Indications and applications of therapeutic and donor apheresis progressed rapidly with the advent of continuous flow technology and online processing through a centrifugation separation chamber or membrane filters. Within a spinning centrifugation chamber, whole blood is separated into cellular and plasma layers based on their relative densities (i.e., specific gravity). The efficiency of separation depends on the applied g-force and the dwell time within the chamber. Red cells, which are the “heaviest,” sediment most rapidly followed by granulocytes, mononuclear cells (MNCs), and platelets ( Table 29.1 ). By the 1970s several continuous flow instruments, which process and return blood without interruption, became available worldwide for plasma removal/exchange, red cell depletion, and collection of donor plasma, white blood cells, and platelets. These early devices used reusable parts, which required pasteurization of the tubing and complete disassembly of the centrifuge for sterilization between subjects. As technology and demand increased, fully disposable extracorporeal kits were developed with improved circumferential flow geometry that achieved better separation of cellular components and greater operator control. By the late 1980s fully automated operating systems were introduced that used algorithms to run all of the desired procedures (cellular apheresis and plasmapheresis). More recent innovations include refined interface separation efficiency, increased procedural speed, reduced extracorporeal volume requirements, and multistep processing methods, which are especially useful for extracorporeal photopheresis and double plasma filtration.

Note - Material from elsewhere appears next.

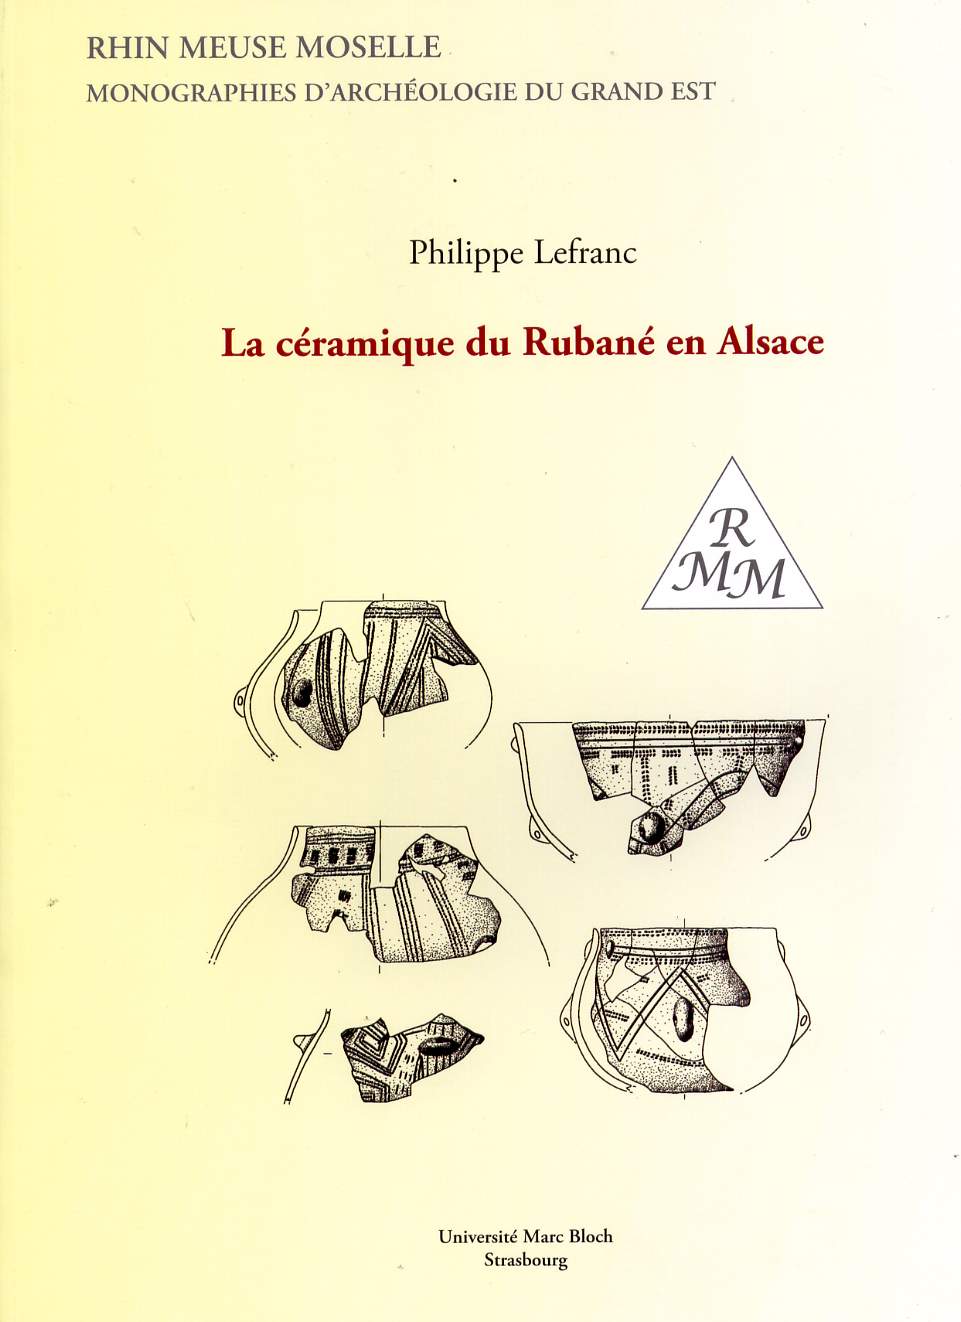 La céramique du Rubané en Alsace, (Rhin Meuse Moselle, Monographies d'archéologie du Grand Est, 2), 2007, 325 p., nbr. pl.

Blood Component | Specific Gravity (Density) |
---|---|
Plasma | 1.025–1.029 |
Platelet | 1.040 |
Lymphocyte | 1.070 |
Granulocyte | 1.087–1.092 |
Red cell | 1.093–1.096 |
Alternative approaches to bulk plasma separation and removal by centrifugation involve membrane plasma filtration and selective adsorption of a plasma solute. The former uses a membrane with a selective pore size that allows the passage of plasma but not blood cellular components. The latter method uses affinity columns with resins or specific immobilized ligands to capture the solute target of interest from separated plasma. Plasma filtration is less efficient than bulk plasma separation by centrifugation, but dual or “cascade” filtration steps can be incorporated into a single treatment process. Specific solute removal with adsorption columns is inherently more selective than plasma exchange, but the technique requires knowledge of the pathogenic solute's identity and binding properties. In addition, affinity columns must use reliable and high-capacity binding substrates. Only a few membrane filtration and affinity column systems are currently available in the United States, and these are primarily used for low-density lipoprotein (LDL) apheresis. Column-based instruments are more widely available in Europe and Asia, and these have been used for some indications in hemorrhagic or thrombotic disorders. Centrifugation apheresis instruments are predominantly used for therapeutic procedures by centers in North America.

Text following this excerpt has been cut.